Step-by-step explanation:
To find the speed with which the liquid sulfur left the volcano on Jupiter's moon Io, we can use the concept of escape velocity. The escape velocity is the minimum velocity required for an object to escape the gravitational pull of a celestial body.
The formula for escape velocity is given by:
\[v = \sqrt{\frac{2GM}{r}}\]
Where:
- \(v\) is the escape velocity.
- \(G\) is the universal gravitational constant (\(6.67430 × 10^{-11} m^3 kg^{-1} s^{-2}\)).
- \(M\) is the mass of Io (\(8.9 × 10^{22}\) kg).
- \(r\) is the radius of Io (\(1820 \times 10^3\) m).
Before we calculate the escape velocity, we need to convert the height of the sulfur plume to meters (63 km).

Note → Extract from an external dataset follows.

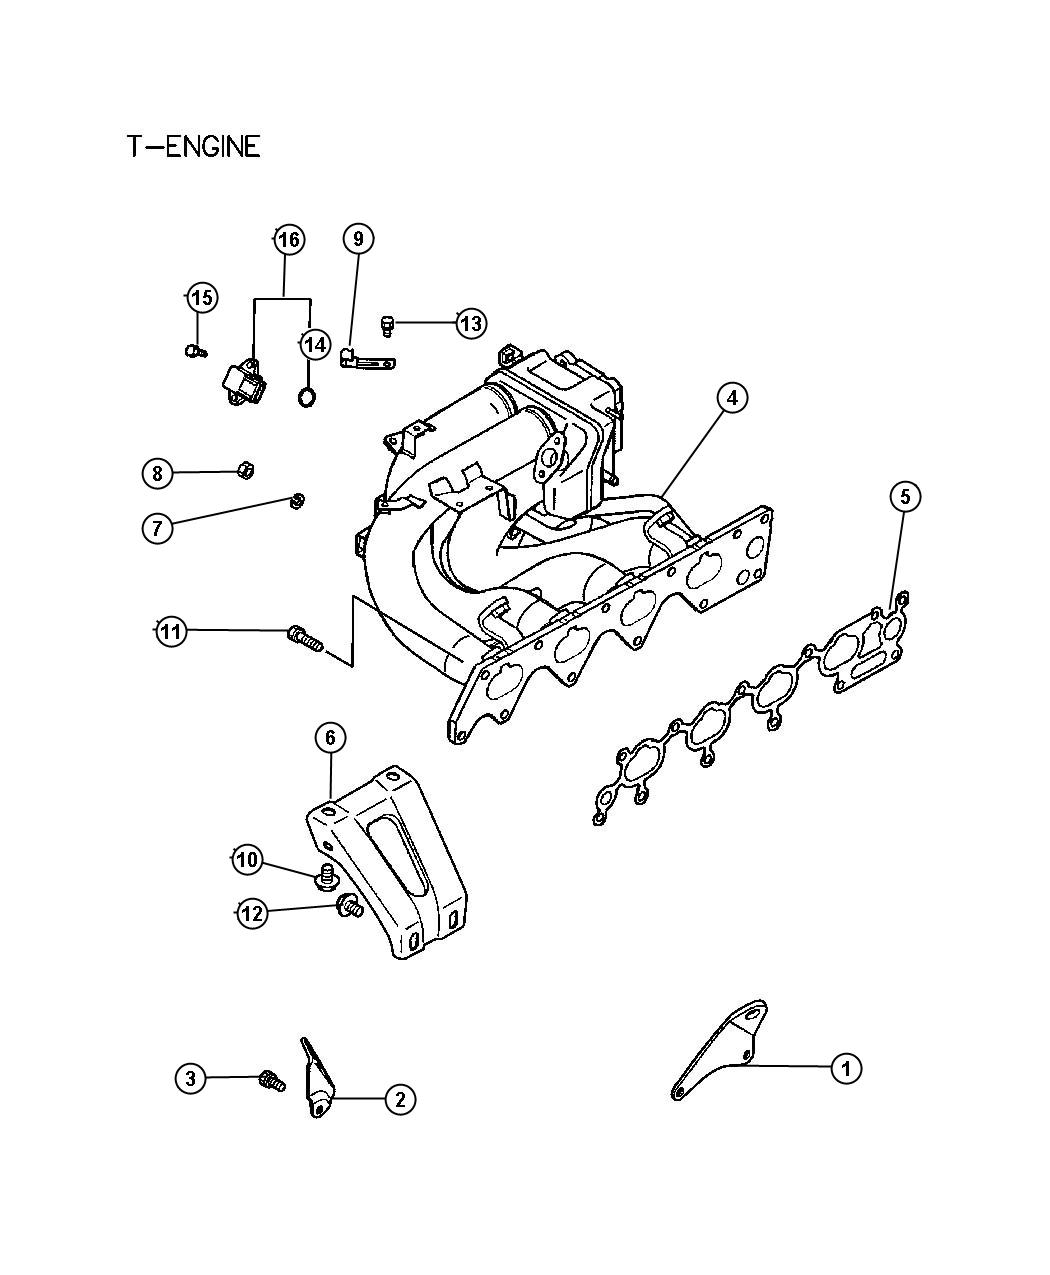 Dodge Stratus Bracket. Engine lift. Manifold, hanger

So, \(h = 63 \times 10^3\) meters.
Now, we can calculate the escape velocity:
\[v = \sqrt{\frac{2 \cdot (6.67430 × 10^{-11} m^3 kg^{-1} s^{-2}) \cdot (8.9 × 10^{22} kg)}{1820 \times 10^3 m + 63 \times 10^3 m}}\]
Now, let's calculate it:
\[v \approx \sqrt{\frac{2 \cdot 6.67430 × 10^{-11} m^3 kg^{-1} s^{-2} \cdot 8.9 × 10^{22} kg}{1883 \times 10^3 m}}\]
Now, calculate the square root:
\[v \approx \sqrt{\frac{1.1874134 \times 10^{12} m^2 s^{-2}}{1883 \times 10^3 m}}\]
\[v \approx \sqrt{6.308169 \times 10^8 \frac{m^2}{s^2}}\]
\[v \approx 25118 \frac{m}{s}\]
So, the speed with which the liquid sulfur left the volcano on Io is approximately 25,118 meters per second.